Good questions equal good advice

By Harold Geller | November 9, 2009 | Last updated on November 9, 2009
3 min read

It should go without saying that financial advisors have a duty to know their clients. This means that they must inquire about their clients’ financial circumstances. How can a financial advisor go about this process without being intimidating and yet still manage to get the information they need to provide good advice? The answer may be as simple as asking the right questions to begin with.

Some truths are self-evident

Financial advisors often complain that had they possessed a specific piece of information they would have given different advice. Clients often complain they had no idea the financial advisor needed the missing piece of information. Whose fault is this failure to communicate?

Laying blame

If we start with the belief that the financial advisor is a professional trained in the technique of gleaning information from clients and that the client must always provide appropriate information as requested, the fault for a missing piece of information should be laid at the feet of the financial advisor. What kind of questions then are likely to solicit accurate and complete information from the client?

Just answer the question

Closed questions to which the answer is simply “yes” or “no” are generally not good practice as they assume too much and glean answers that are not very revealing. By asking open-ended questions, an advisor can elicit far more information and therefore serve their client better.

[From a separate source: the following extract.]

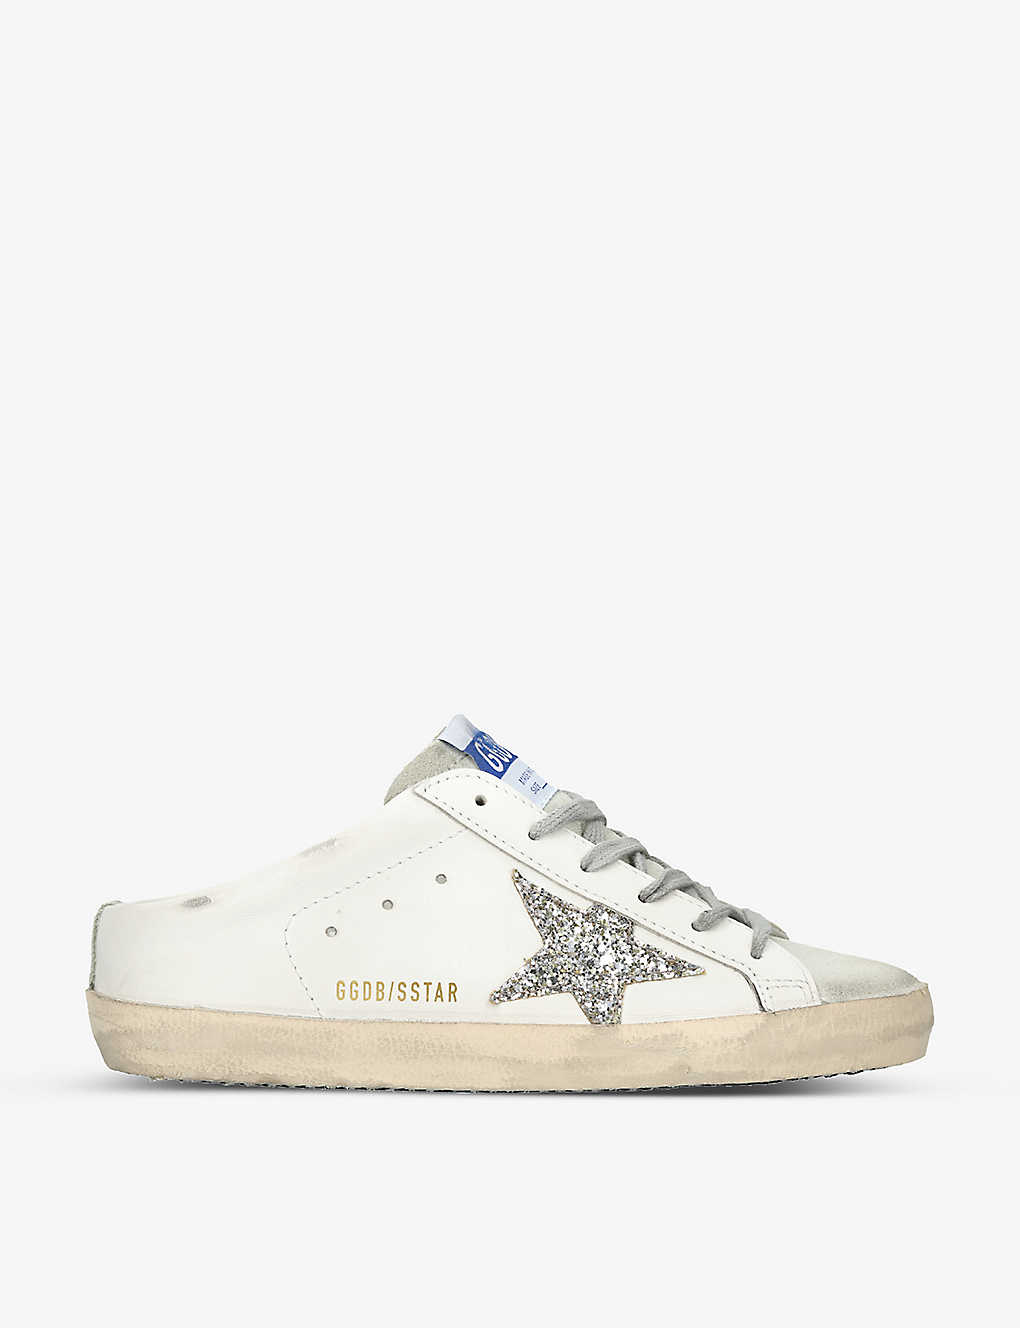 Golden Goose Super-star Sabot 81194 Leather Trainers In White/oth

That nasty word “risk” again

“Risk” is a word well understood in the English language but not well understood in the lexicon of the financial world. No universally accepted definition of risk exists in the industry and a review of the various “Know Your Client” forms used by financial advisors highlight the broad differences among the applications. What does a client tell a financial advisor in response to the question…Would you categorize your risk tolerance is being high, medium, or low? The client may not understand what “risk tolerance” means, and may not understand the difference among the three choices. Being Canadian, the odds are that clients will select “medium”. As a nation, we hate to be anything other than “average” and financial advisors must account for this cultural inclination.

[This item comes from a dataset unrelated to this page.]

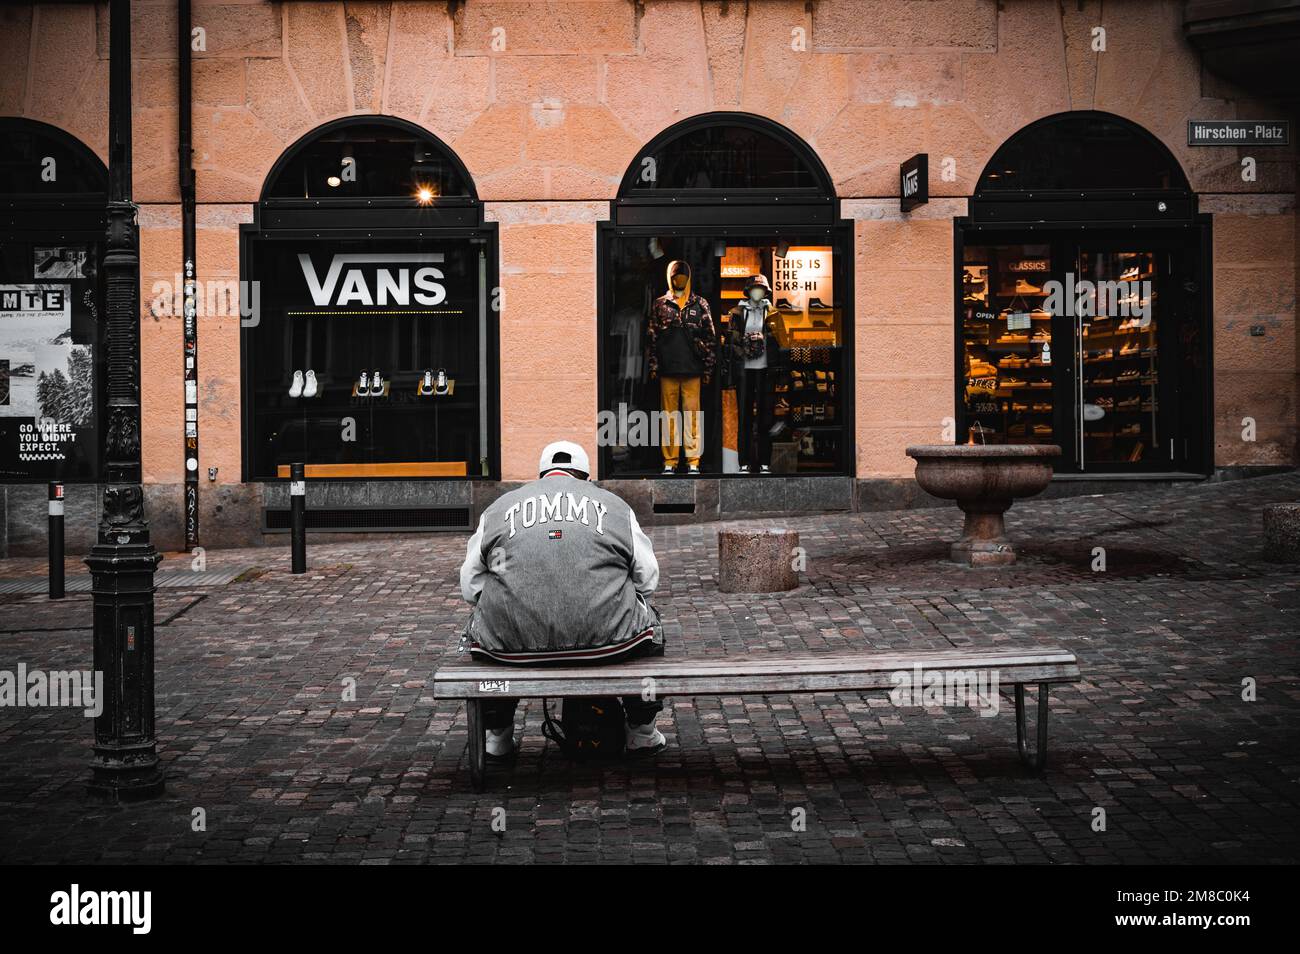 A man sitting on a bench against the "Vans" store in Zurich Stock Photo -  Alamy

What about investment objectives?

Financial advisers should take the time to prepare their questions in a manner intended to obtain useful facts and not simply to fill out a form. A question like…What are your goals? will draw out information about retirement, gifting, major purchases, children, spouses, travel, education and possibly other major expenditures. Are your objectives capital appreciation, income, preservation of capital or speculation? will elicit a dramatically different response that in the end may be entirely meaningless.

Gauging sophistication

Does it make sense for a financial advisor to ask the client…How sophisticated are you? If the client understands the question, the client must respond…In relation to what or whom? The financial advisor should ask not only what securities the client has purchased or sold in the past but also determine the investment experience of the client. The relationship between the client and former advisors may have been limited to the client buying whatever the advisor suggested, with the client not learning anything in the process. Only a proper and open-ended question can determine the sophistication level of a client and only the financial advisor has the experience and training to judge this.

Conclusion

Any computer can identify that a person with $10 million in assets and no debt can risk a 10% loss whereas someone with $100,000 in assets and who is also debt-free may not be able to sustain any loss. Only a professional financial advisor has the education, experience and knowledge to probe meaningfully into the circumstances and sophistication of the client to determine their risk profile and ultimately suggest appropriate investments. This process requires careful, open-ended questions to procure an accurate profile. At the same time, the advisor must always remember to educate the client by communicating sufficient information to so that an informed decision can be made. The ability to help clients have a role in their own financial planning is the ‘value add’ that a professional advisor brings to the table and the ability to ask good questions is invaluable in this process.